Quick Sync: A Secret Weapon, Refined
Back when Intel launched its Sandy Bridge architecture, I identified Quick Sync as the design’s secret weapon. Developed quietly for five years, it caught both AMD and Nvidia completely off guard. I projected that it’d take a year for both competitors to respond. And they have—AMD with its Video Codec Engine and Nvidia with NVEnc.
Unfortunately, AMD’s solution is still missing in action four months after it was first promised. Encoding on a Radeon HD 7000-series card has to be achieved through programmable shaders, rather than more energy-efficient fixed-function logic sitting idle on the die.
NVEnc is up and running, and a GeForce GTX 680 manages to outperform Intel’s first-gen Quick Sync implementation.
Nvidia’s victory is short-lived, though. HD Graphics blows everything else out of the water—and that’s even after biasing MediaEspresso toward quality rather than performance.

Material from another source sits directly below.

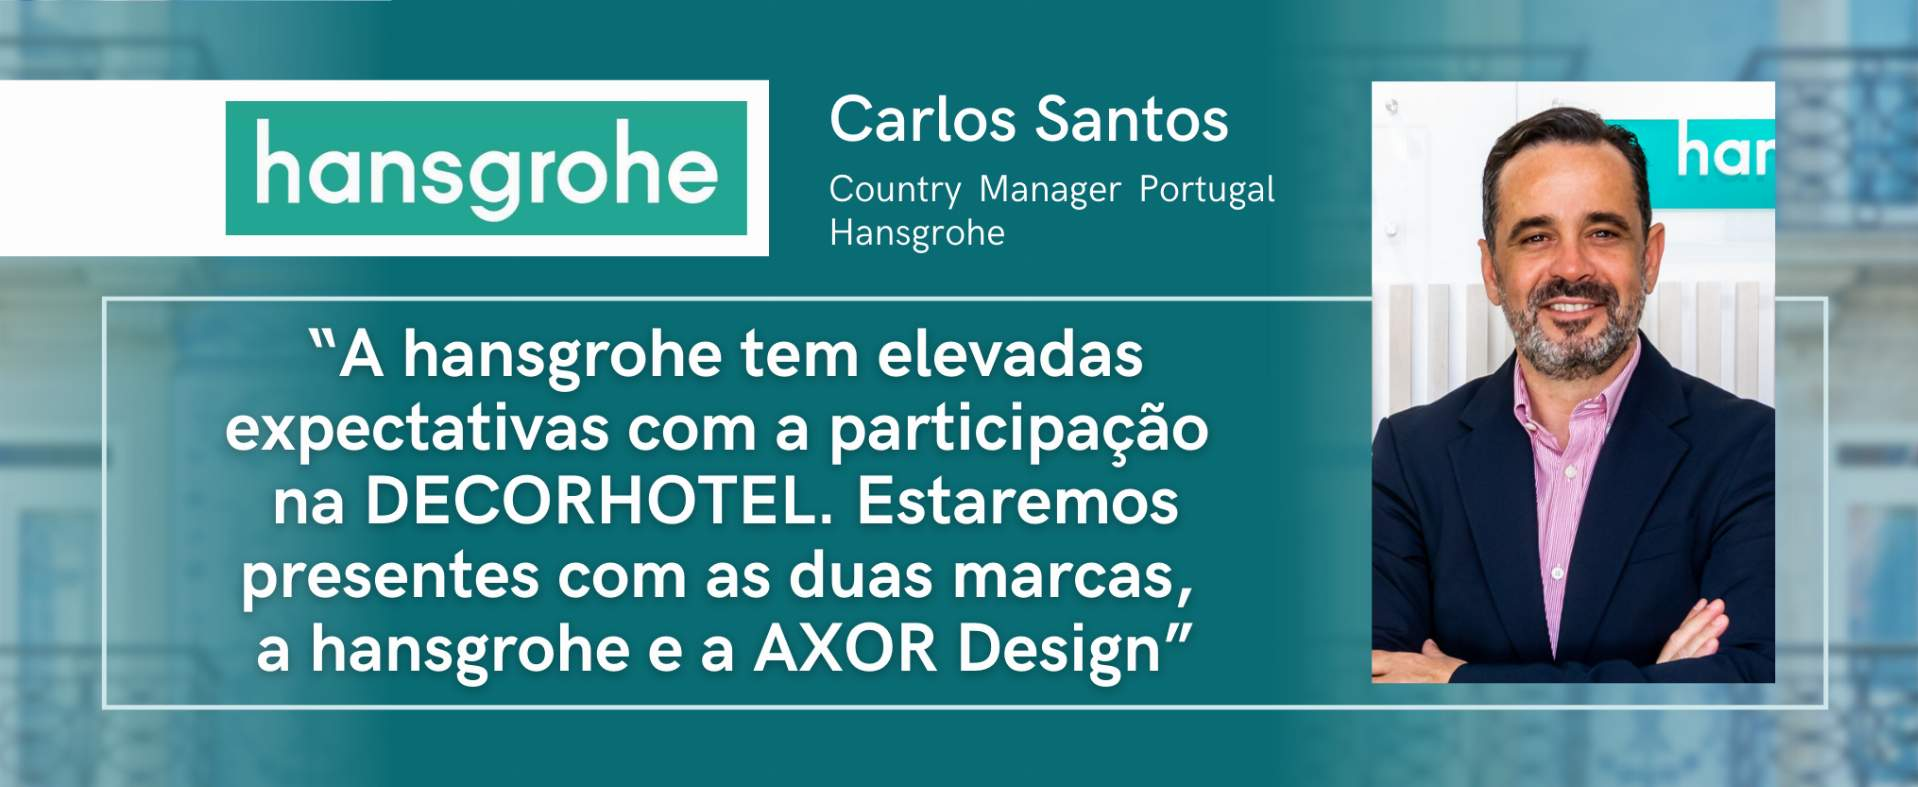 hansgrohe : "Nous avons de grandes attentes avec la participation à DECORHOTEL. Nous serons présents avec les deux marques, hansgrohe et AXOR Design".

Arcsoft’s MediaConverter supports Quick Sync just fine, but the latest build doesn’t behave as well under APP or CUDA/NVEnc. Although scaling isn’t as aggressive, we still see how HD Graphics 4000 slices into the time it takes to transcode a large video file into something better suited to a portable device.
How’d They Do It?
I had the pleasure of sitting down with Dr. Hong Jiang, Intel’s chief media architect, before last year’s Sandy Bridge introduction to get an in-depth look at how the company implemented Quick Sync. This year, he led a session at IDF discussing the improvements included with Ivy Bridge. The focus, he said, was squarely on performance. Faster processing gives developers more flexibility in implementing higher-quality filters. It also punches through workloads more quickly, returning the processor to idle and saving power.
An increase in EU count helps Intel’s performance story, as does the inclusion of dedicated graphics L3 cache and greater Media Sampler throughput. Because the Media Sampler is part of that scalable third domain referred to as Slice, Intel can add resources in future generations to ratchet 3D and media performance up even more.
The Multi-Format Codec Engine (MFX) carries over from Sandy Bridge, enabling hardware-based H.264, VC-1, and MPEG-2 decoding, along with H.264 encoding. Intel apparently reworked its context-adaptive variable-length encoding and context-based adaptive binary arithmetic coding engines, though, which are both big mouthfuls referring to lossless encoding techniques that the MFX can decode faster.
Anticipating increasing demand for resolutions beyond 1080p in Ivy Bridge’s life cycle, Intel adds support to the MFX for 4096x4096 video decoding. In fact, Intel’s Jiang even claims the MFX can decode multiple 4K streams simultaneously.
Moving beyond Ivy Bridge’s decode capabilities, the media team also sought to improve the performance and quality of encoding tasks. A couple of paragraphs back I mentioned that the faster Media Sampler plays a part in Quick Sync’s speed-up. Specifically, it does the Motion Estimation stage’s heavy lifting, so greater throughput helps accelerate that step.
Now, Intel claims that its hardware-based encode solution achieves similar quality as a software solution. Last year, we wrote Video Transcoding Examined: AMD, Intel, And Nvidia In-Depth and found that the quality of every hardware-based encode engine sacrificed some degree of quality compared to a pure software solution. Faced with three new accelerated transcode technologies, we really need to spend some time putting each under a microscope to analyze how that story may have changed.